Cytotoxic T cell responses to Streptococcus are associated with improved prognosis of oral squamous cell carcinoma
Jie Wang1,2, Feng Sun2, Xiaoyu Lin1, Zaiye Li1, Xiaohe Mao1, Canhua Jiang1 1Department
of Oral and Maxillofacial Surgery, Xiangya Hospital, Central South
University, Changsha, 410078, China. 2Department
of Immunology, Xiangya School of Medicine,Central South University,
Changsha, 410078,China
Corresponding author: Canhua Jiang Department of Oral and Maxillofacial Surgery, Xiangya Hospital, Central South University, Changsha, 410078, China Tel:+86-731-89753046 Fax:+86-731-89753046 Email: [email protected]

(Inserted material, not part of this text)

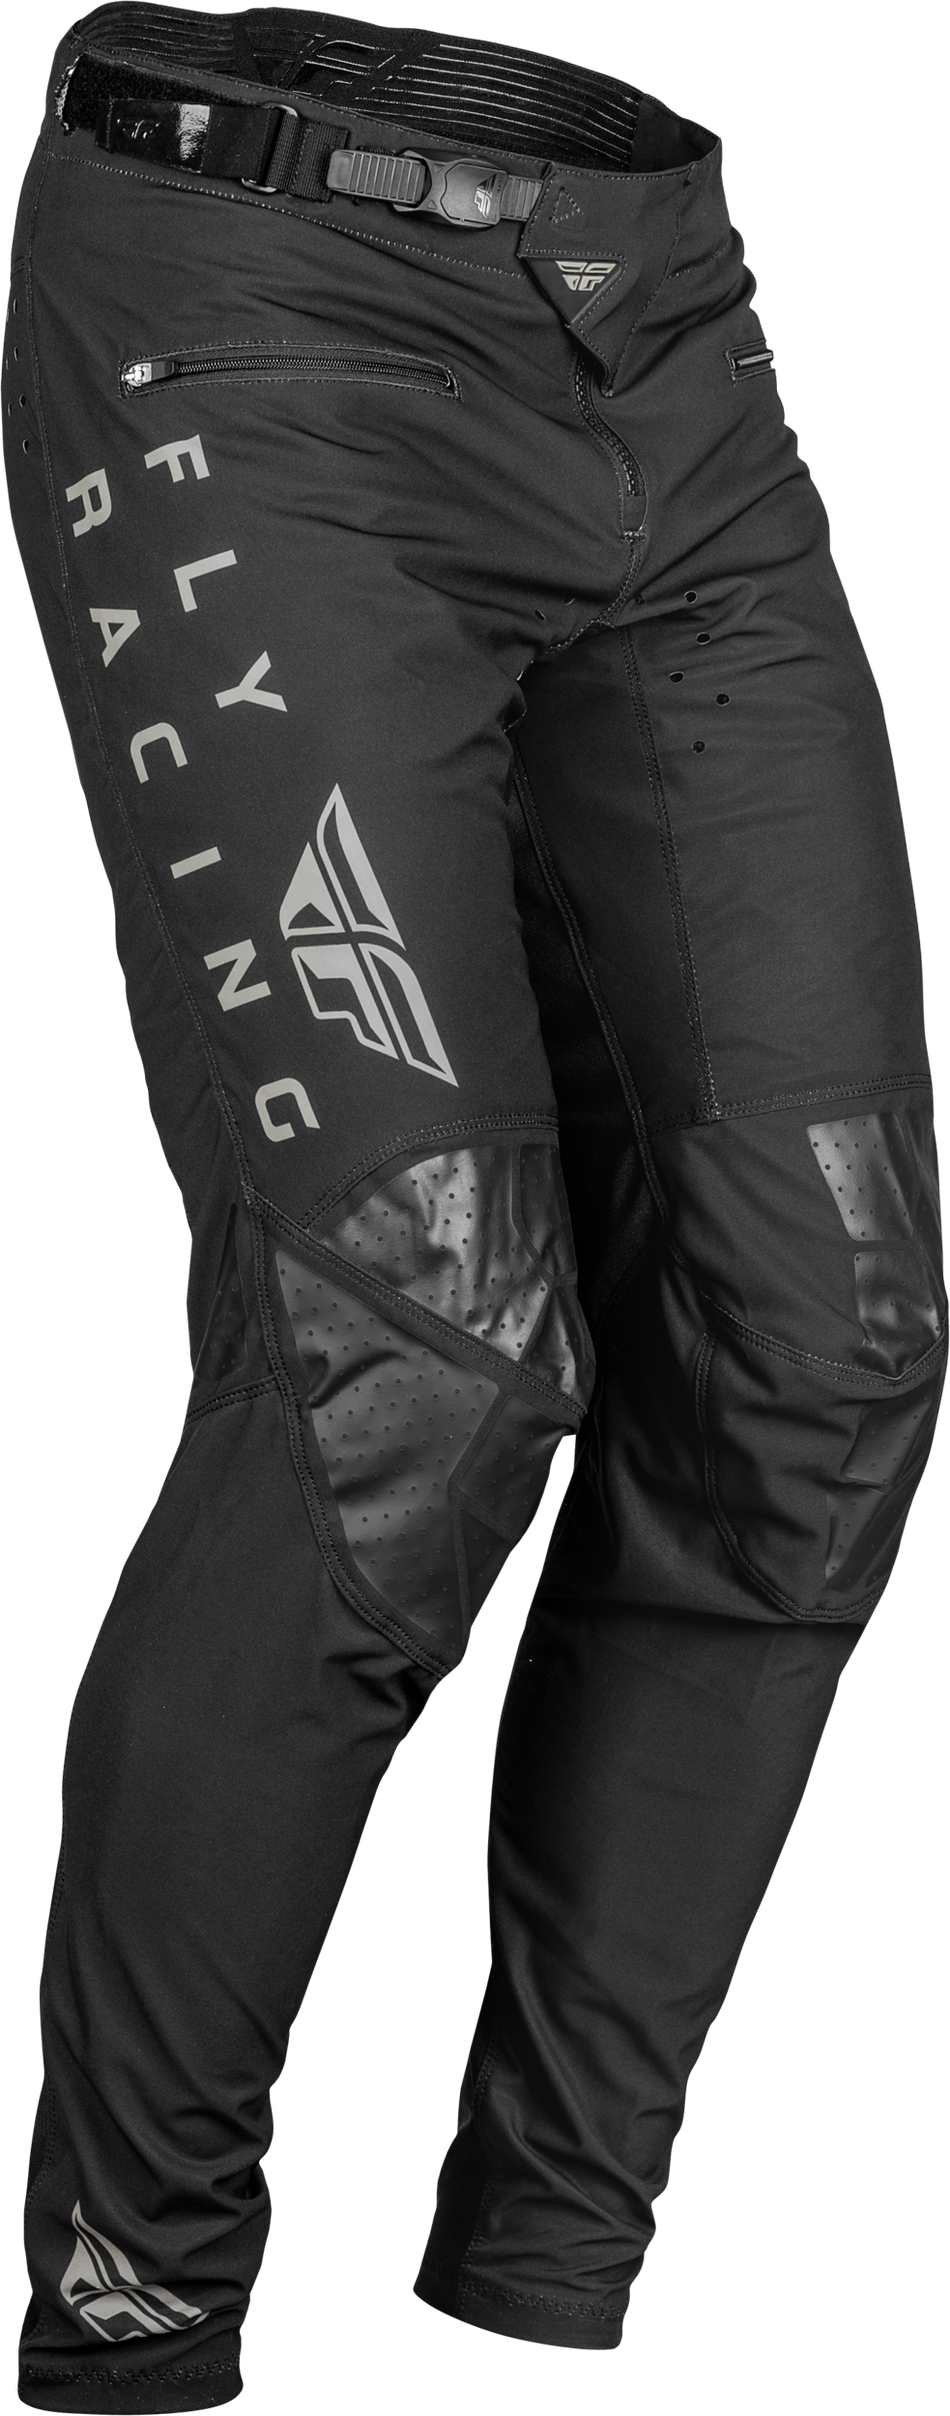 FLY RACING Radium Bicycle Pants Black/Grey Sz 36 376-04036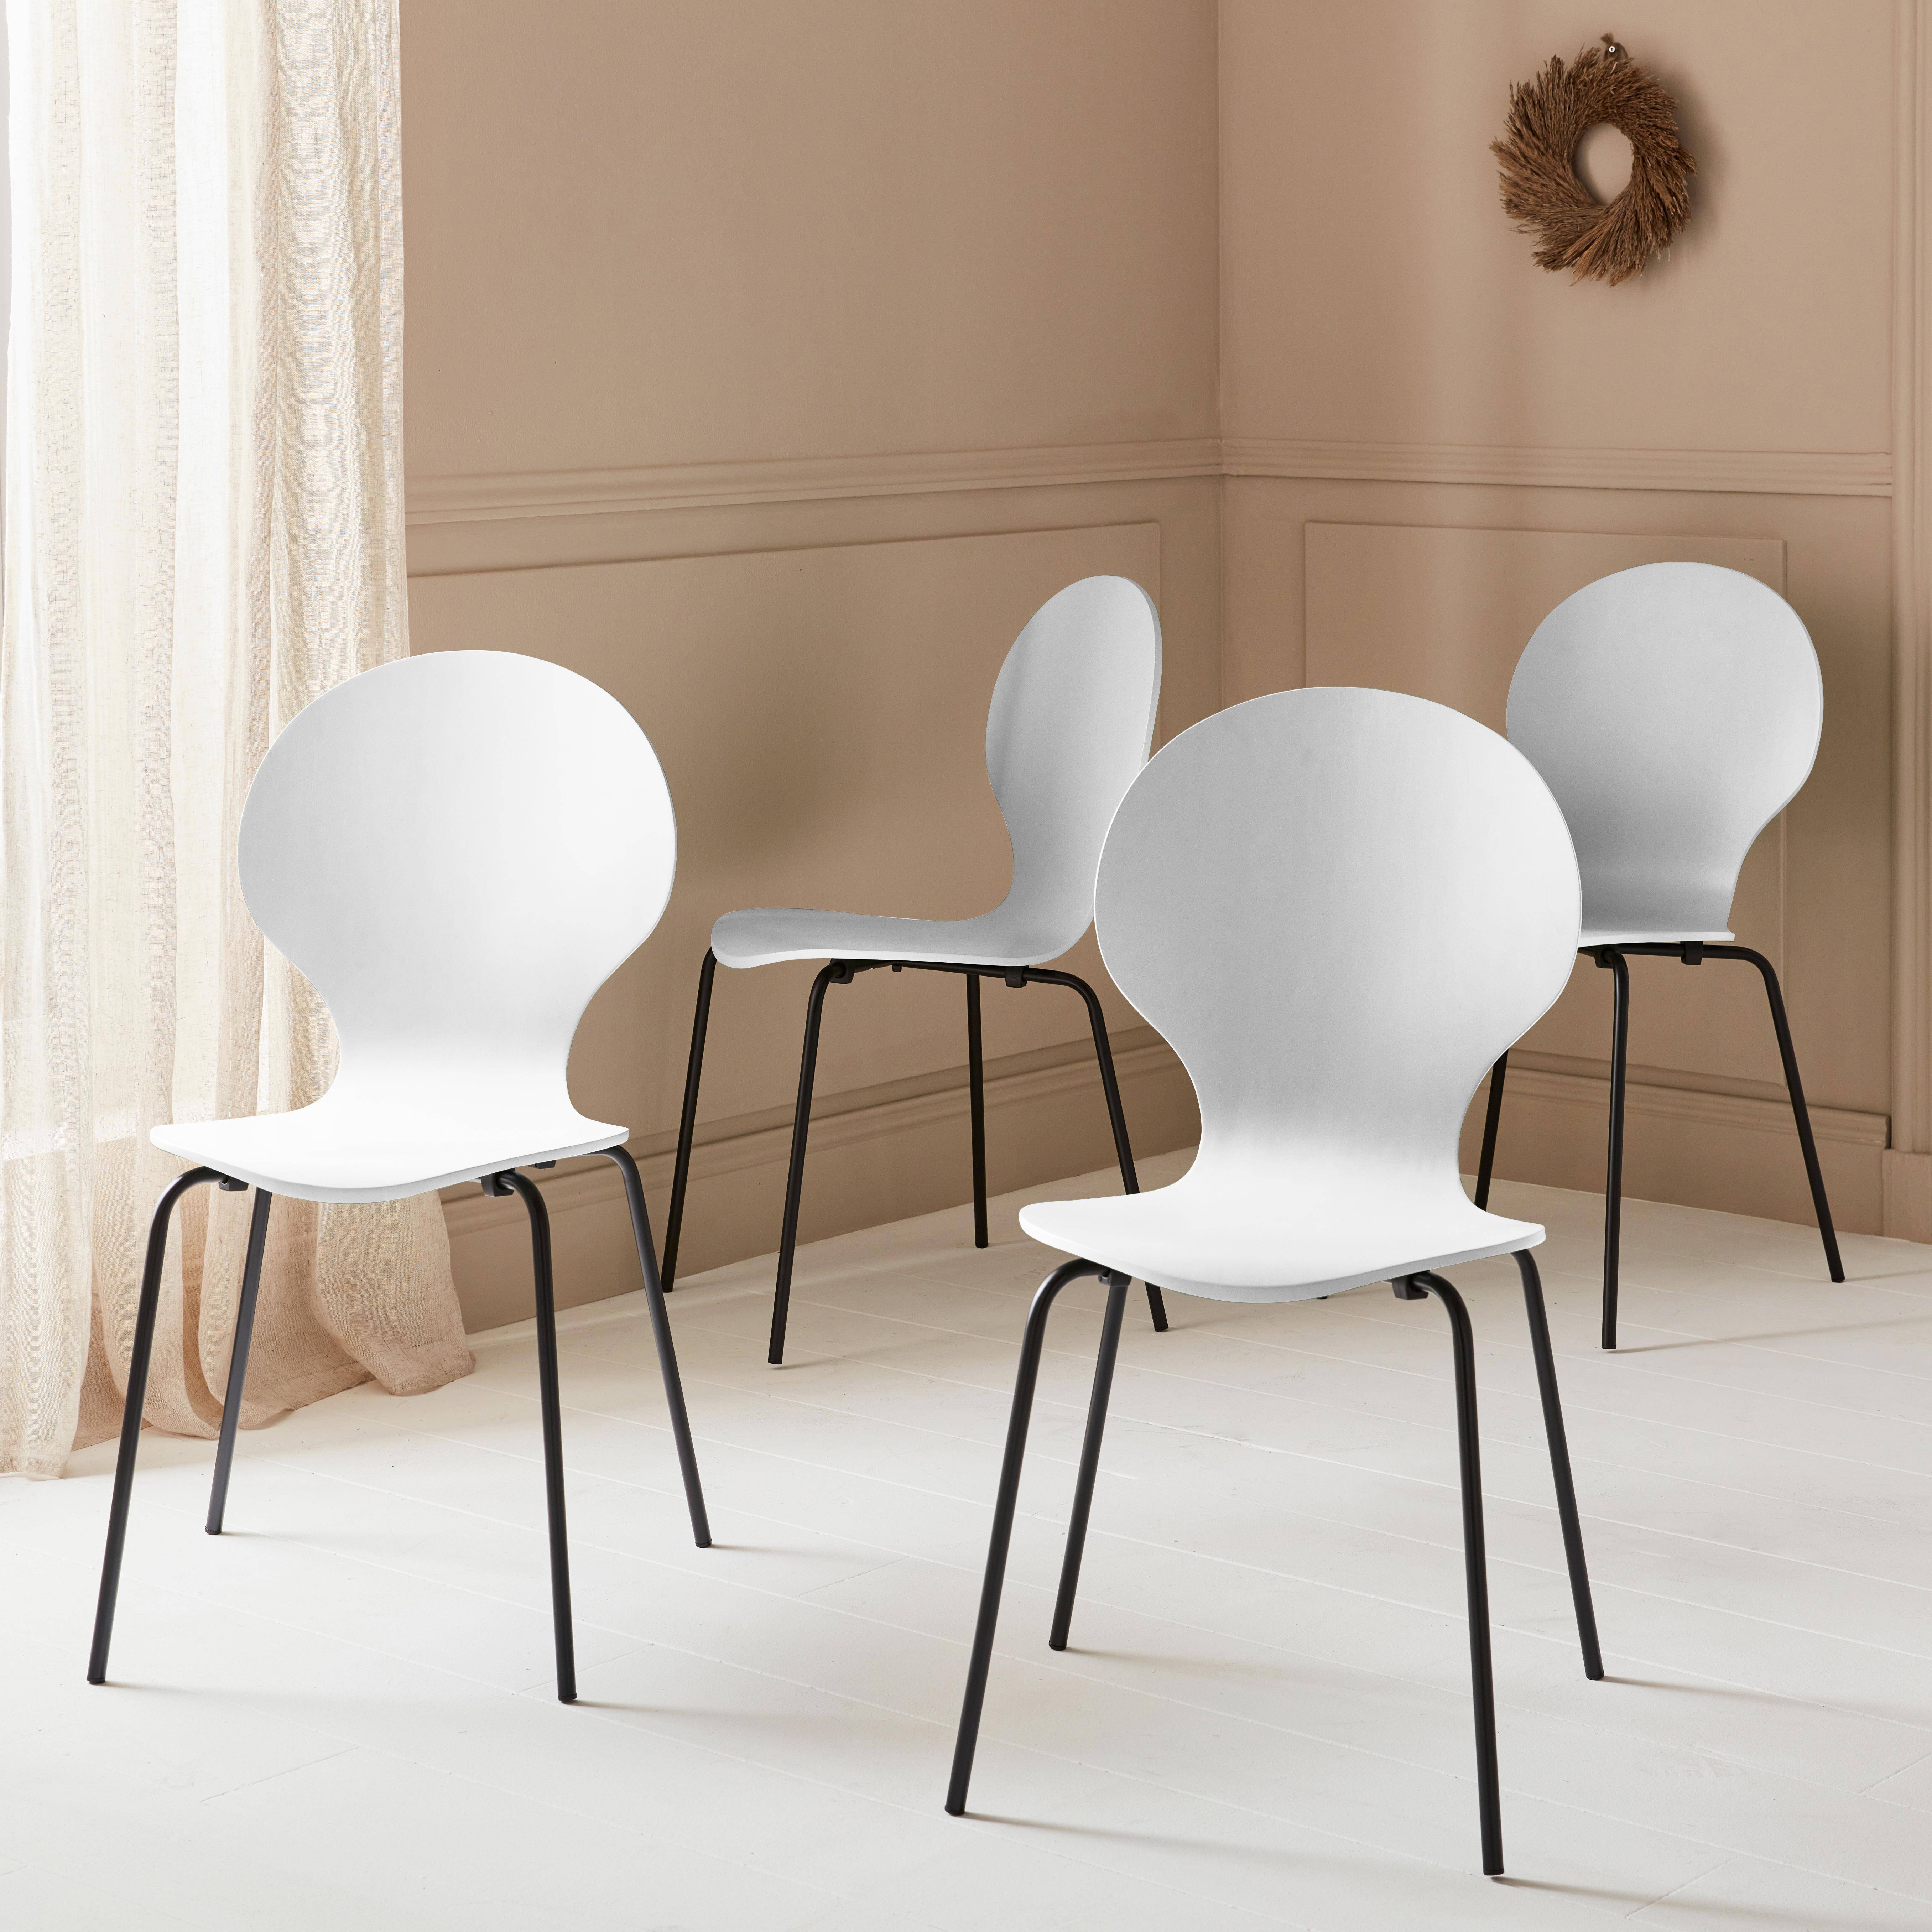 Set van 4 witte retro stapelstoelen, hevea hout en multiplex, stalen poten, Naomi, B 43 x D 48 x H 87cm Photo1

Abstract Several species of Streptococcus, such as S. salivarius, S. mitis, and S. anginosus, are found to extensively colonize the oral cavity and the upper respiratory tract, and have been
shown to increase in patients with oral squamous cell carcinoma (OSCC). Accumulating evidence have revealed that commensal bacteria are involved in antitumor immunity via T cell-mediated mechanisms, but the role of Streptococcus enrichment in OSCC is yet unclear. In this study, we stimulated peripheral blood mononuclear cells from non-cancer controls (NCs) and OSCC patients with S. salivarius, S. mitis, and S. anginosus. We observed that compared to NC subjects, OSCC patients at earlier stages had higher frequencies of granzyme B-expressing CD8 T cells for all Streptococcus species tested, while OSCC patients at more advanced stages had higher frequencies of granzyme B-expressing CD8 T cells for S. anginosus but not other Streptococcus species. In OSCC patients, the Streptococcus-reactive CD8 T cells presented significantly lower levels of PD-1 and TIM-3 expression than Streptococcus-nonreactive CD8 T cells. The clinical outcomes of OSCC patients in our cohort were tracked for 24 months after the resection of the primary tumor. In patients that did not present tumor recurrence, the frequencies of S. salivarius-reactive and S. mitis-reactive CD8 T cells were significantly higher than that in patients that developed recurrent tumor. Furthermore, in patients with tumor recurrence, the duration between primary tumor resection and tumor recurrence was positively associated with the frequencies of S. salivarius-reactive and S. anginosus-reactive CD8 T cells. Together, we demonstrated that Streptococcus-reactive CD8 T cell responses might contribute to antitumor immunity in OSCC patients.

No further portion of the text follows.